Reference:
http://www.straightdope.com/classics/a1_166a.html
I believe the answer given was incomplete and imprecise. I must say that I am depending on what Isaac Asimov postulated (or compiled?) in one of his essays.
It certainly seems from
our perspective that the Greeks were interested in large geographic regions; why else would they “separate” Asia and Europe into separate continents? The connection between these two “regions” is hundreds of miles (or hundreds of kilometers) long and, to the north, comes down to a modest mountain chain, the Urals. Ordinarily the connection, if any, between continents is a narrow isthmus. The two isthmuses in the world have been sliced by canals, although not at the precise national/continental designation lines.
Furthermore, the E/A matter involves a potentially unending instability. While the Soviet Union existed it expanded south into Armenian territory at least once. Rather than have two parts of the former extend into Asia, one huge and eastern, the other small and southern, it was decided that “Europe” was redefined a far south as necessary at any time.
The simple truth, according to Asimov, is that while the early Greeks were fully aware of the African/Asian isthmus (and in fact considered Africa to be “Asian”), they knew nothing of the meeting of Asia proper with Europe just beyond the Black Sea, or at least had no idea of the hundreds of miles of connection to the north.

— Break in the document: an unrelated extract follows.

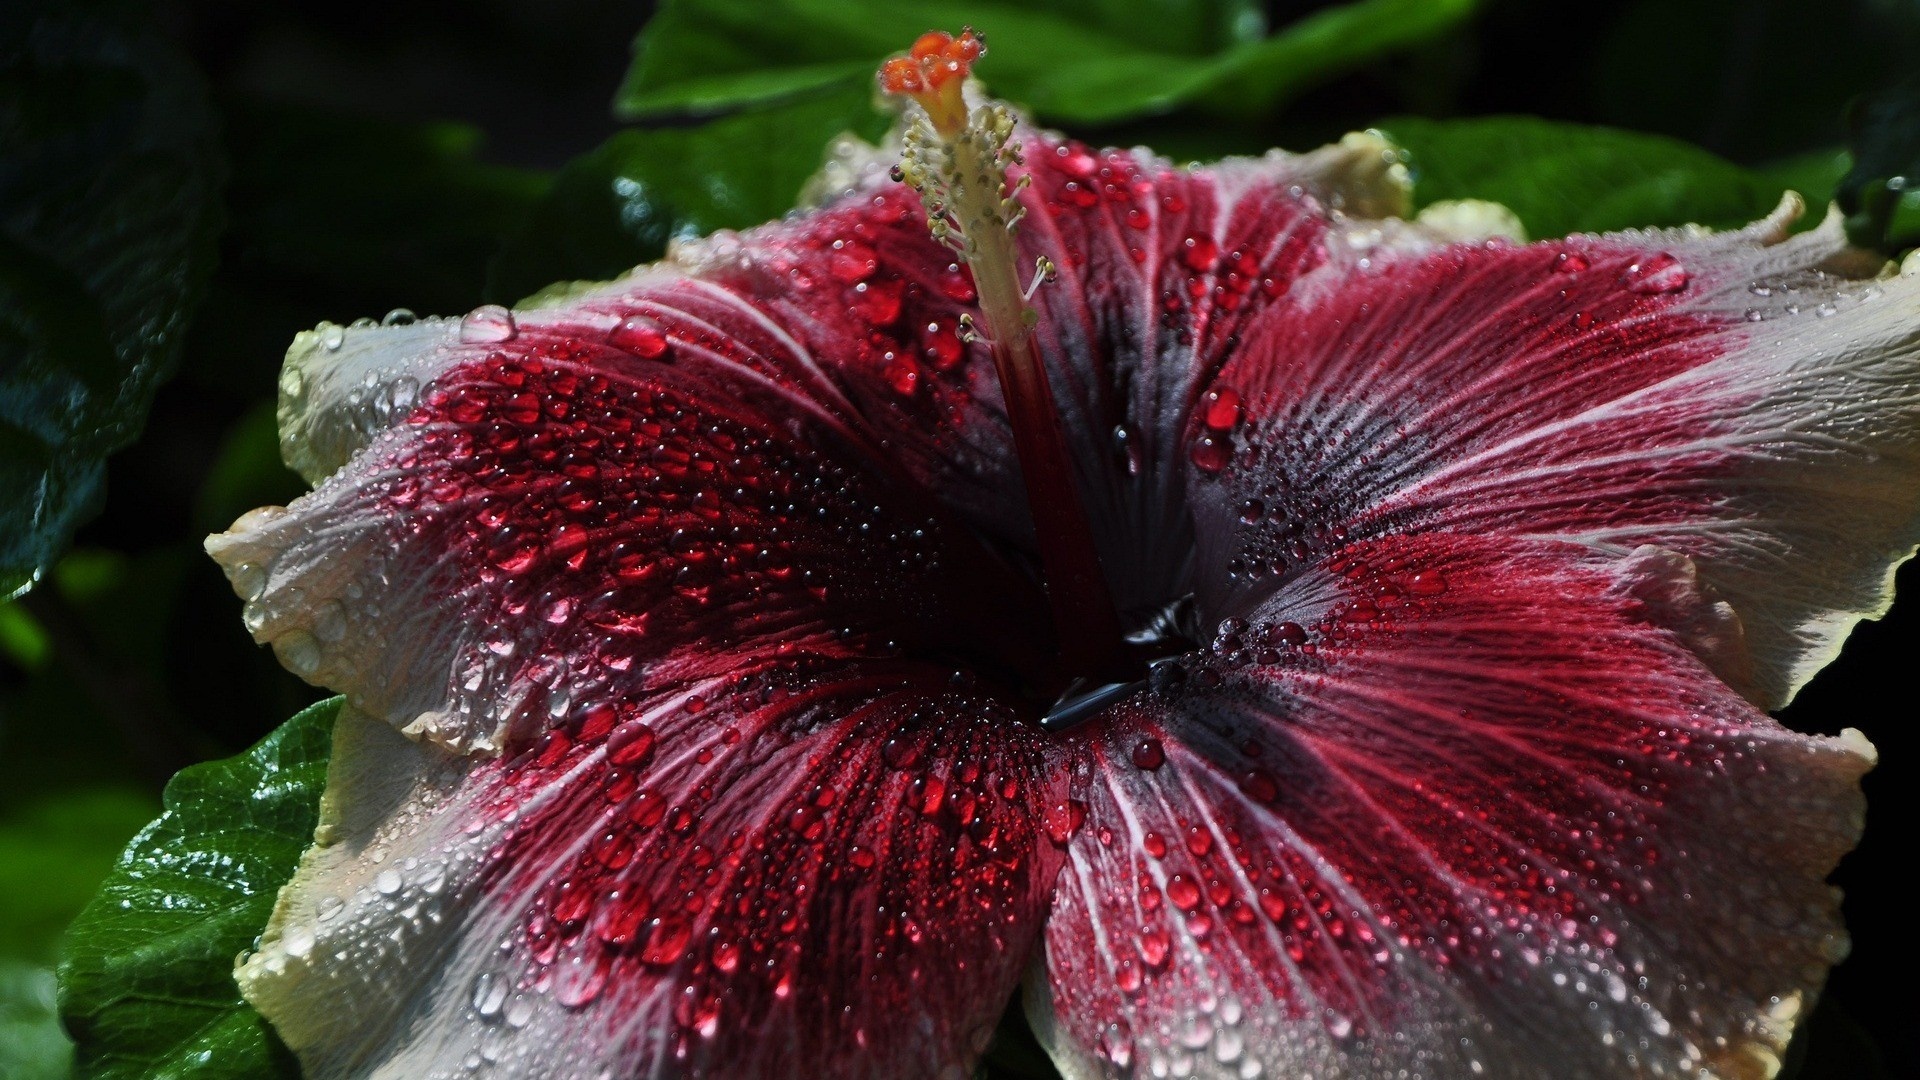 Hibiscus wallpapers, Vibrant pictures, Stunning images, Natural beauty, 1920x1080 Full HD Desktop
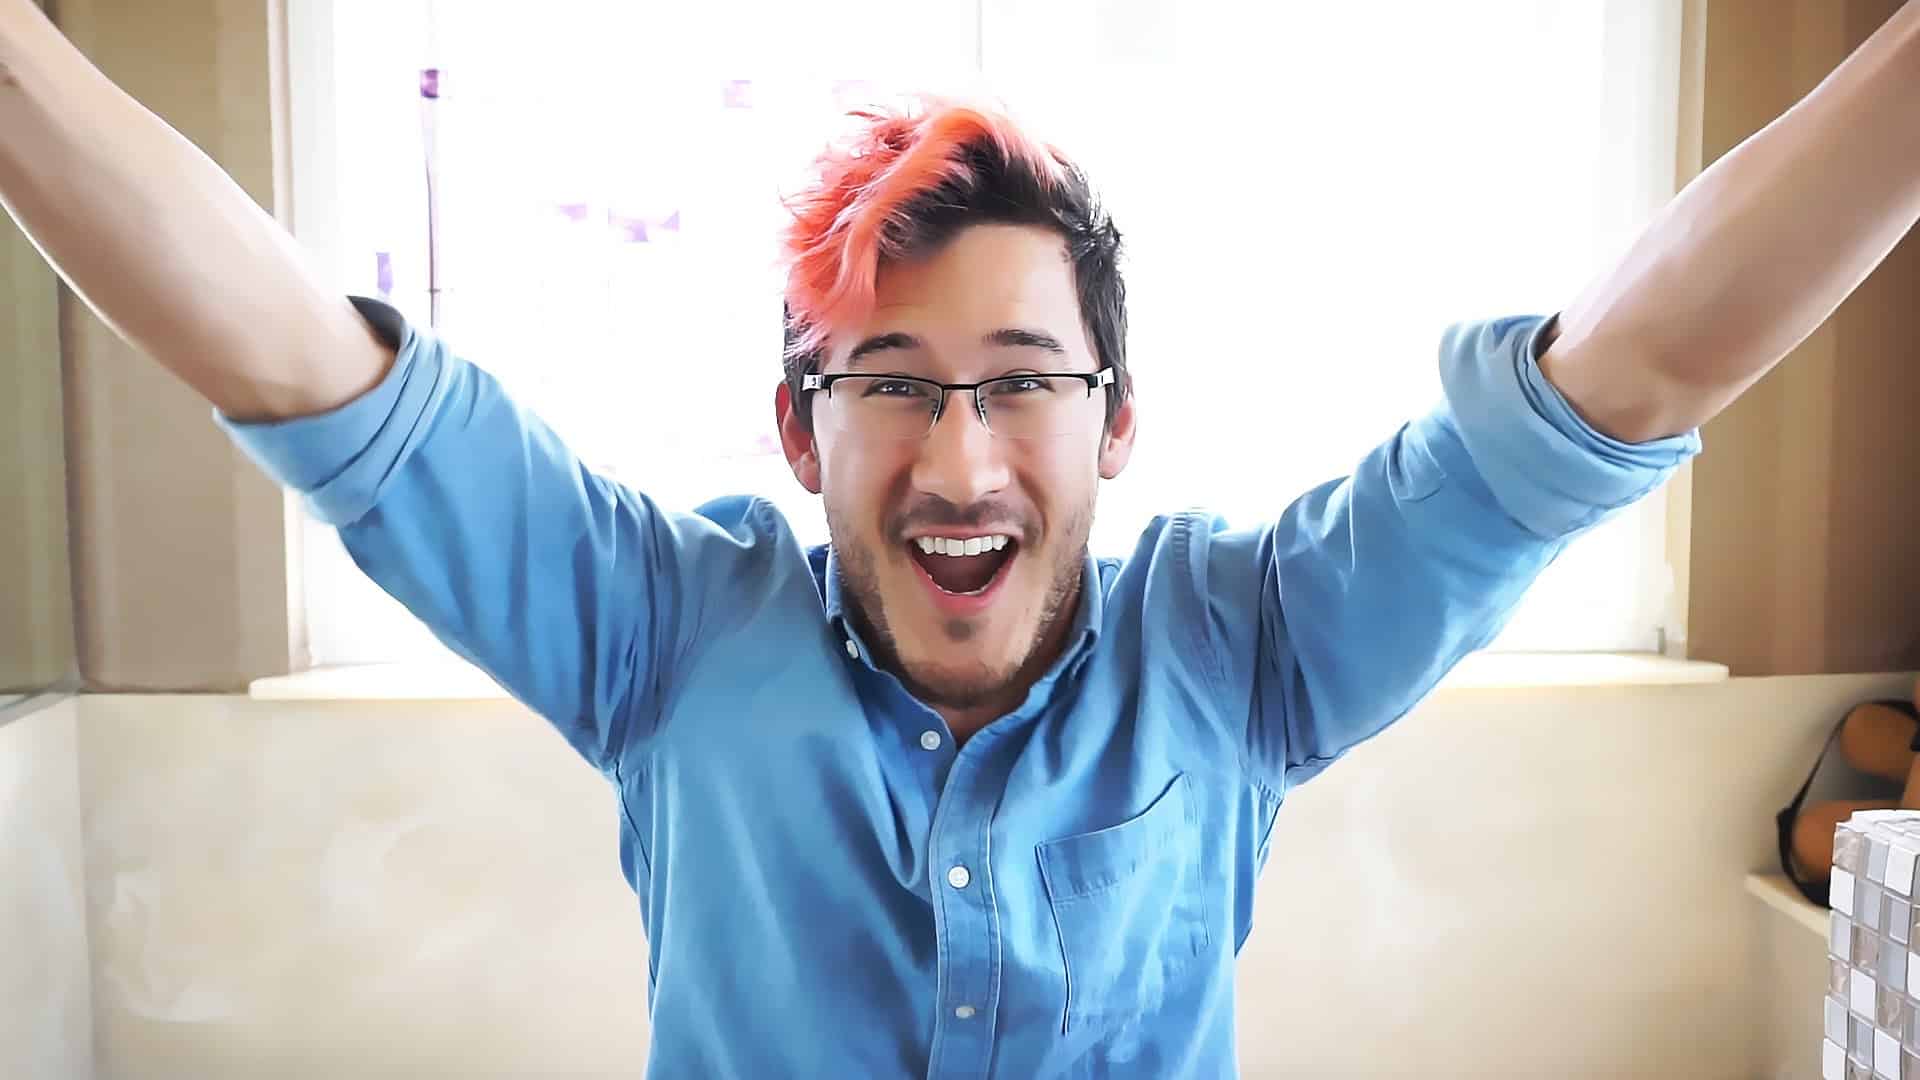 What webcam does markiplier use

If I may go one step farther trusting the Asimovian thesis, the concept of Africa - meaning the known northern fringe - as a separate continent goes back only as far as the Romans looking across the Mediterranean at Carthage, it’s hated rival. This created a psychological barrier that encouraged people to think of Africa as separate. Just as the Greeks (on what may as well have been called “Europe Minor”) looked across the Aegian Sea at the Persian controlled Anatolian peninsula - Asia Minor as it was known at least by the time of the Roman Empire (the “province of asia”). According to Asimov, Greeks vs. Persian Empire was the first East vs. West cultural and military clash.